Печь в углу гудела, разгоняя зимнюю стужу. Все взгляды были устремлены на татарина, которого привели казаки.

Тимур-Ян сидел посреди избы, покачиваясь от усталости. Вблизи он выглядел еще более жалким, чем на площади. Чапан висел клочьями, под ним виднелась грязная рубаха, прорванная в нескольких местах. От него исходил тяжелый запах немытого тела, смешанный с какой-то гнилью. Но глаза горели таким лихорадочным огнем, что становилось не по себе.

В избе стояла тишина, нарушаемая только потрескиванием поленьев в печи.

— Теперь давай нам выкладывай все, и с самого сначала, — приказал атаман, сверля гостя тяжелым взглядом. — И не вздумай врать. Здесь не площадь с бабами да мальчишками. Если решил рассказать на базаре сказки, чтоб тебя пожалели и накормили, то так и скажи.

Тимур-Ян облизнул пересохшие губы и заговорил. Голос его звучал хрипло, но уверенно:

— Я был воином хана Кучума, служил под началом мурзы Сайын-Шади. Обвинил он меня в краже коня гнедой масти, что принадлежал его младшему брату. Не брал я того коня, клянусь Аллахом и могилой отца! Но мурза не поверил, велел казнить на рассвете. Ночью я сбежал…

— А где ты по-русски так хорошо научился говорить?

— Торговал отец мой, и дед мой, и дядя мой с русскими! Ходили на лодках далеко на Запад, когда времена были спокойные! И меня с собой брали, чтоб ремеслу торговли я научился! Но нет уже в живых никого… и пришлось мне идти к Кучуму, чтоб прокормиться! Но не хотел я, нужда заставила!

— К делу давай, — прервал его Иван Кольцо, барабаня пальцами по столу. — Про Кучума говори. Что там за страшилища у него в войске. С чего они тебе померещились?

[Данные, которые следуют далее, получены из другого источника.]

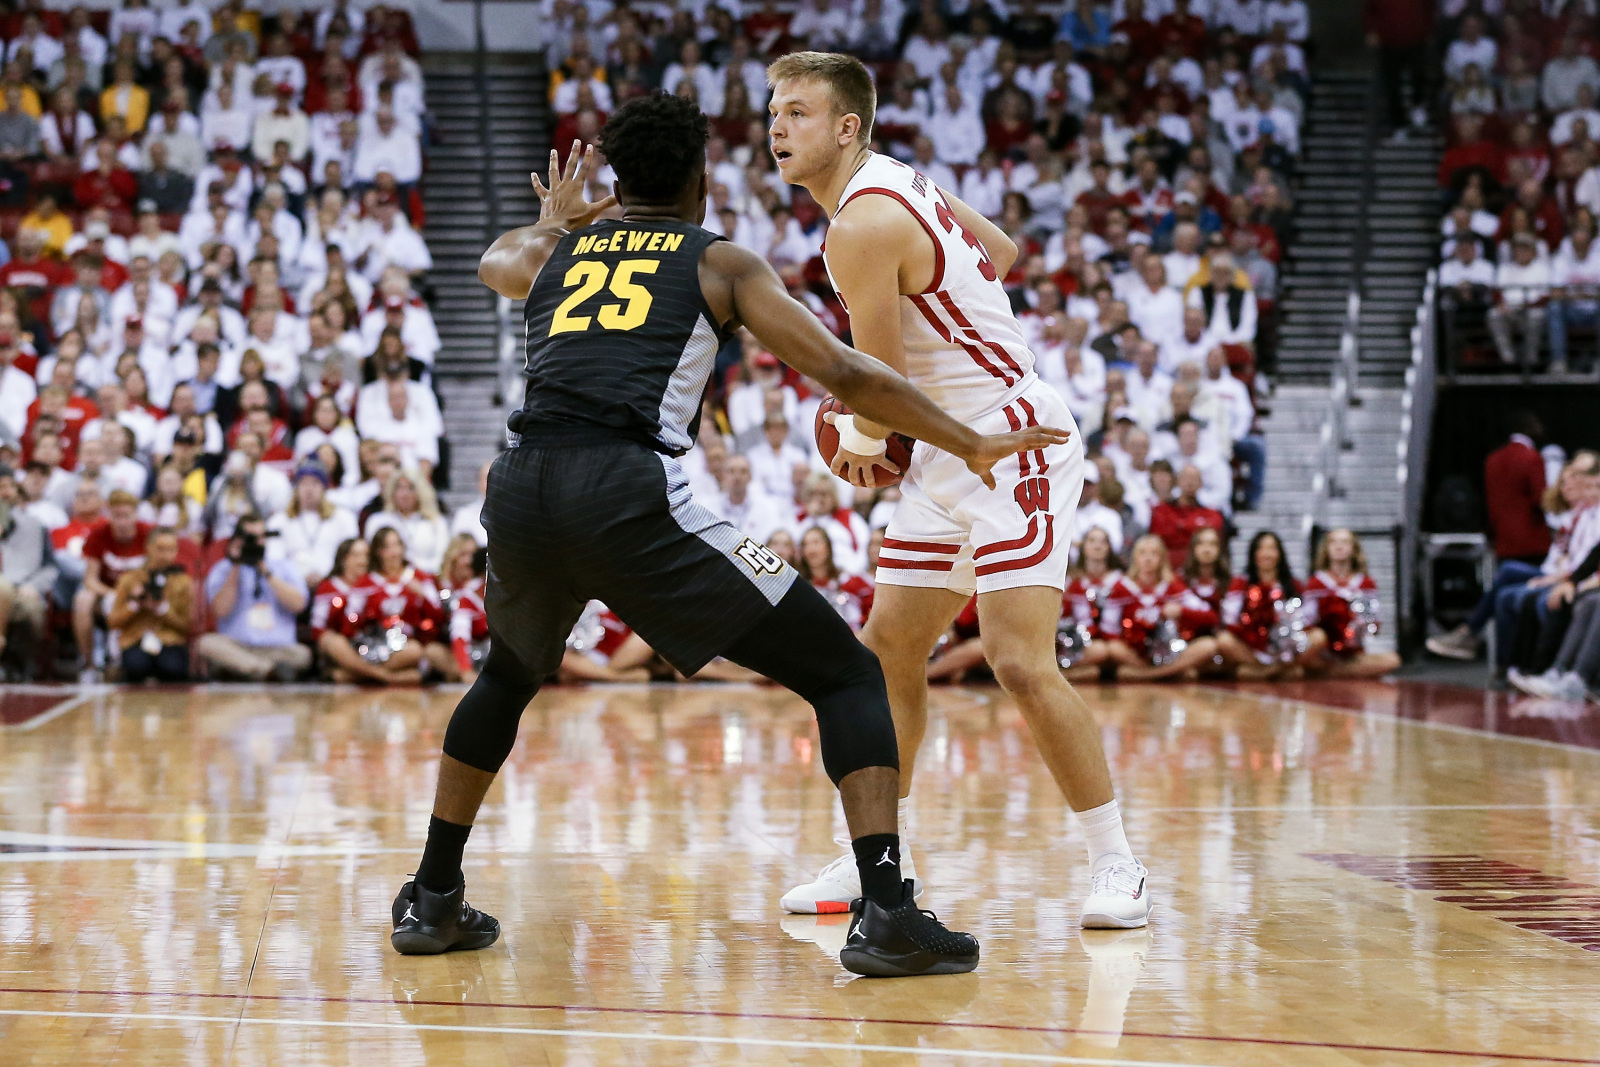 Wisconsin Game Today Wisconsin vs Marquette, Predictions, Odds, TV Channel and Live Stream for Basketball Game Dec

Татарин выпрямился, и в глазах его появился совсем безумный блеск:

— Бежал я через степи, не оглядываясь. Три дня прятался в камышах у озера, боялся погони. Видел я там то, что устрашит любого человека! Собирает Кучум войско великое, какого еще не бывало в земле сибирской!

— Сколько воинов? — спросил Мещеряк, наклонившись вперед.

— Тьма тьмущая! Как листьев в осеннем лесу! Но не в числе страшная сила его войска…

Тимур-Ян замолчал, обвел всех присутствующих воспаленным взглядом. Я заметил, как его руки мелко дрожали — то ли от холода, то ли от страха.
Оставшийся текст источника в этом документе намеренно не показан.